***** Information supplied *****
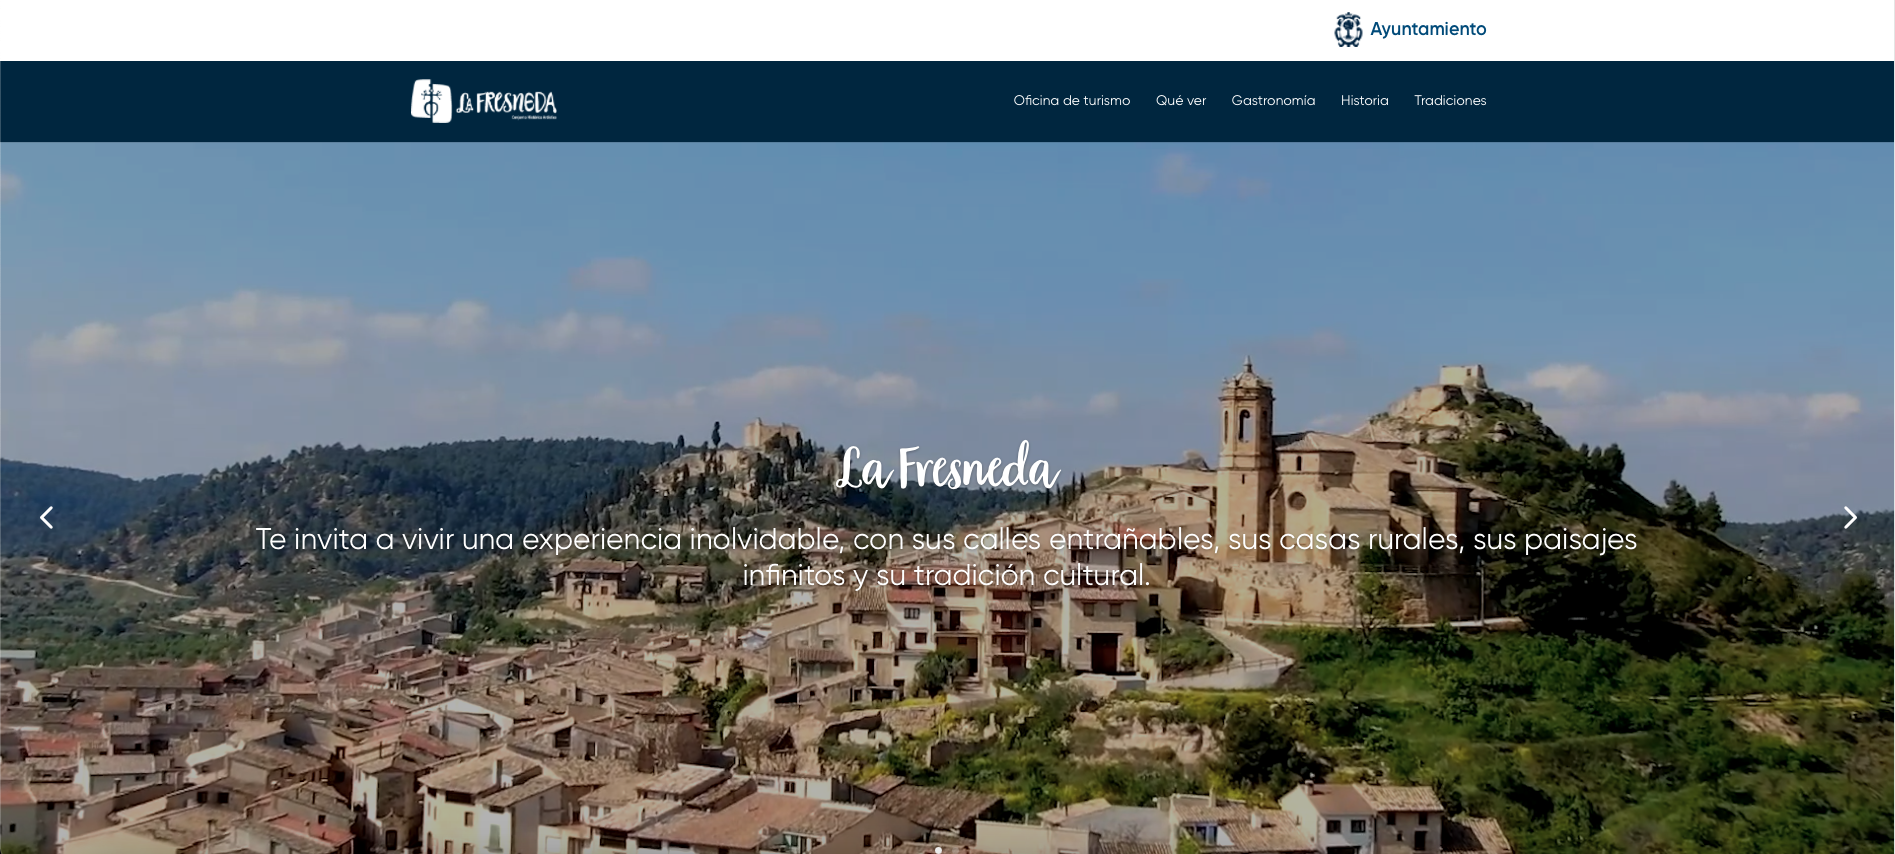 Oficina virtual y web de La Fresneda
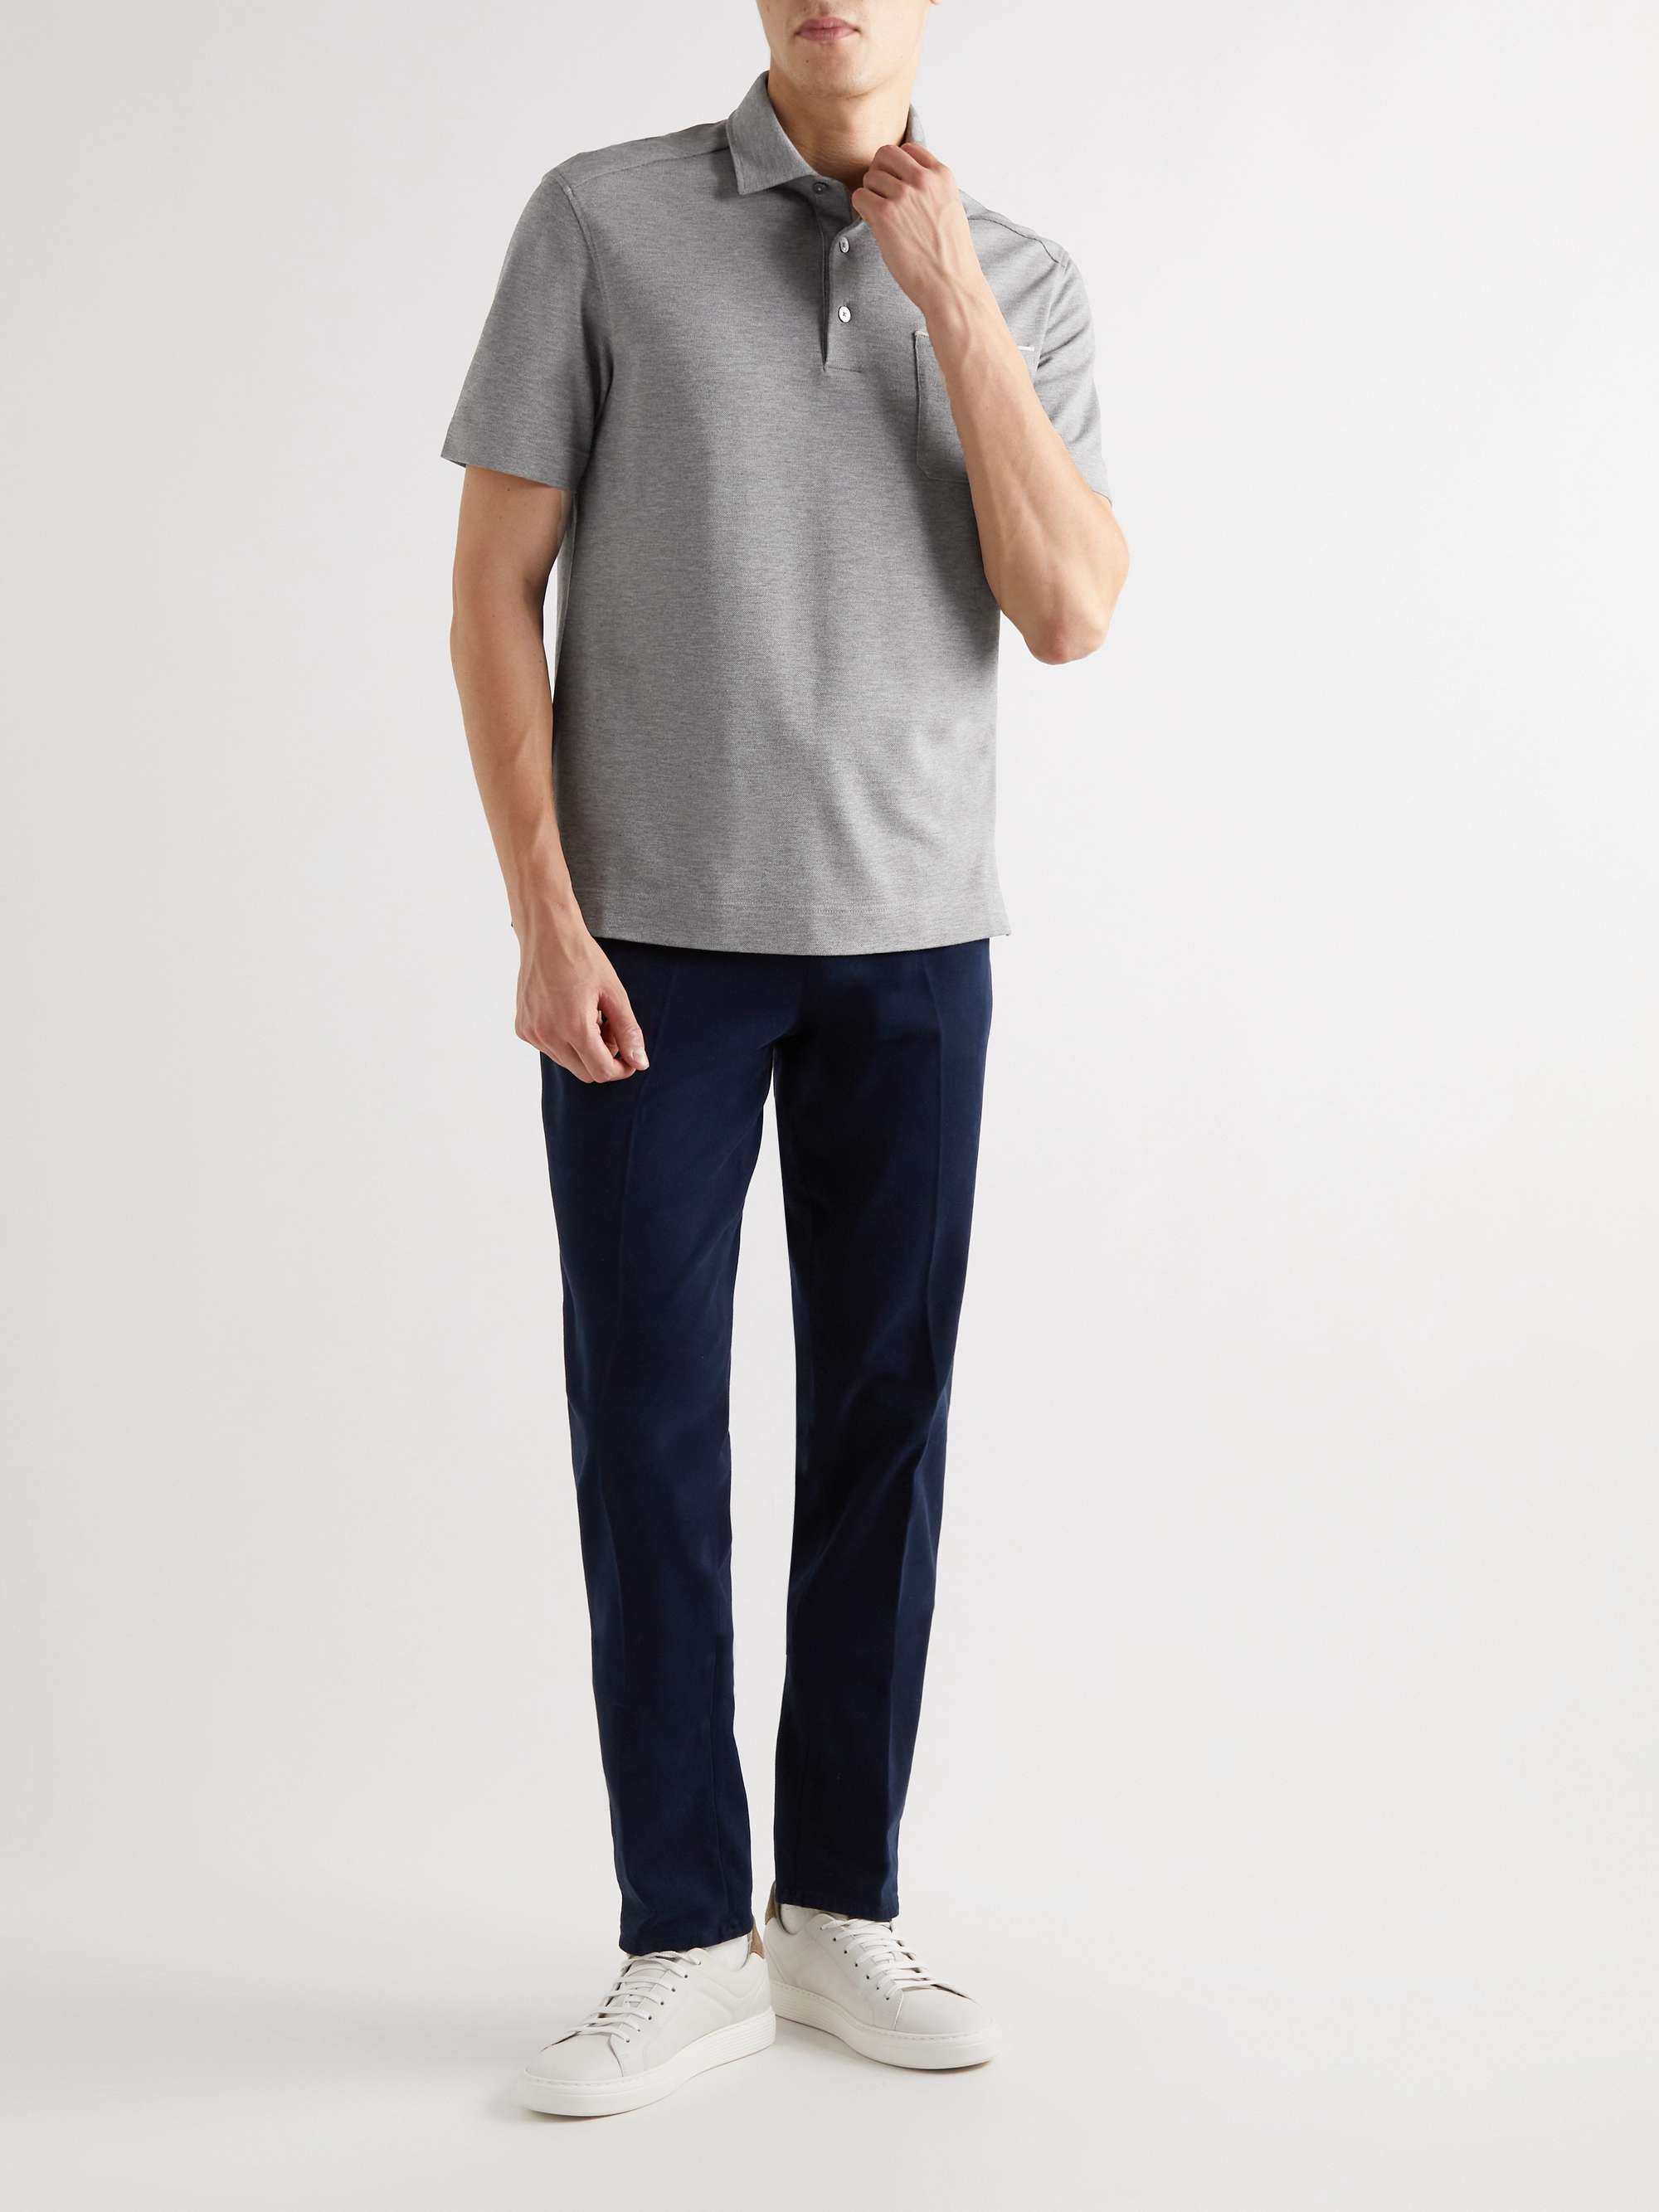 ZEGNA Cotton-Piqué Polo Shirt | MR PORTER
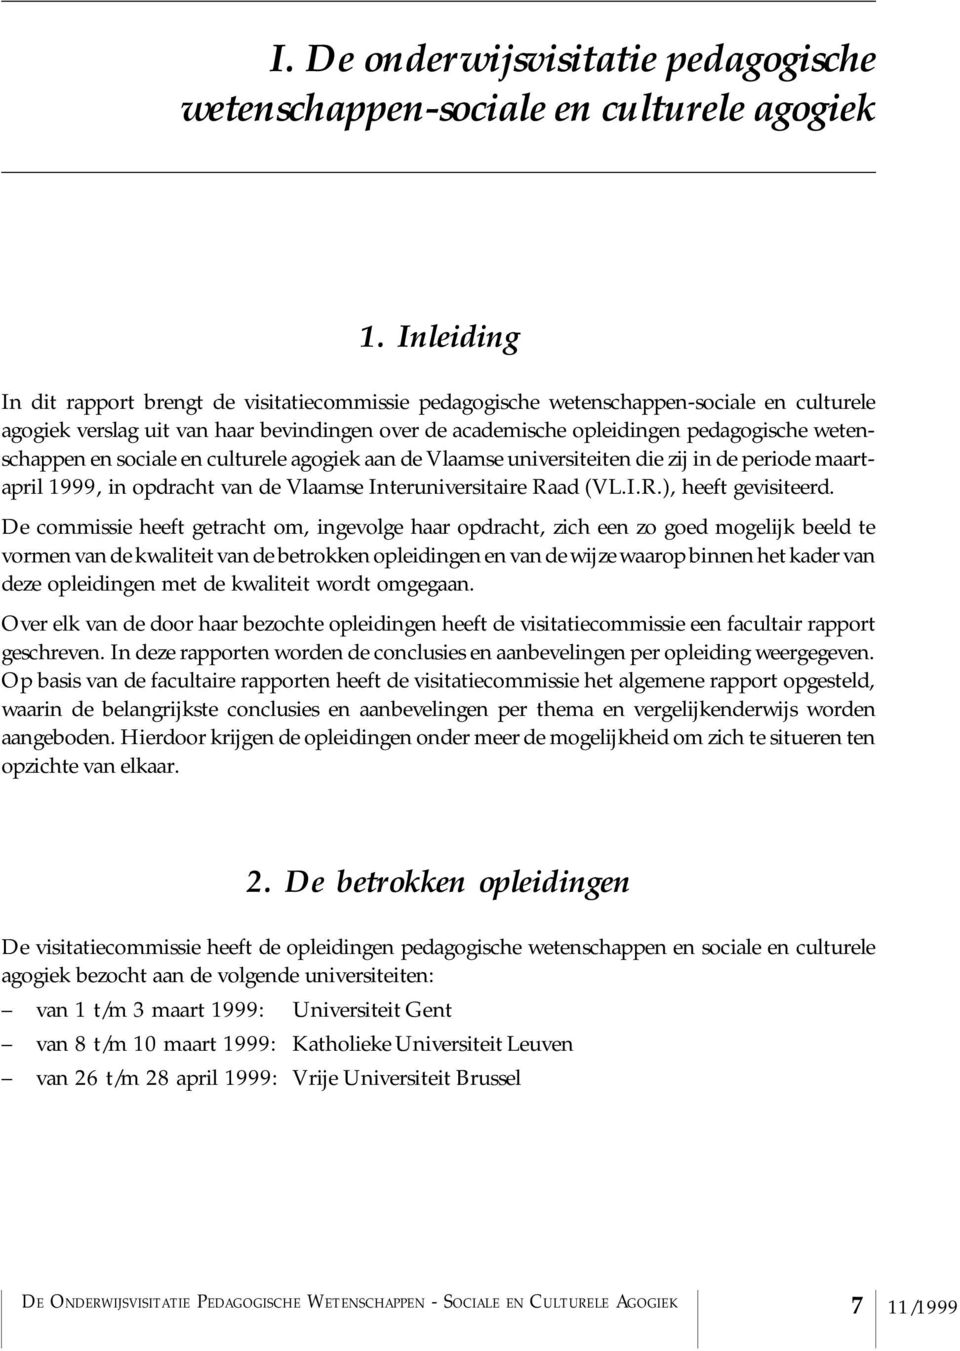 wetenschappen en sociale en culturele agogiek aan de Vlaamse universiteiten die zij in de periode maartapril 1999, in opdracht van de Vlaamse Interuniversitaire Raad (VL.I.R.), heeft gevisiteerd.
*****
Exercise. For this exercise, transcribe the data exactly but without its pictures.

Finished exercise.
 Oficina virtual y web de La Fresneda
 ZEGNA Cotton-Piqué Polo Shirt | MR PORTER
 wetenschappen en sociale en culturele agogiek aan de Vlaamse universiteiten die zij in de periode maartapril 1999, in opdracht van de Vlaamse Interuniversitaire Raad (VL.I.R.), heeft gevisiteerd.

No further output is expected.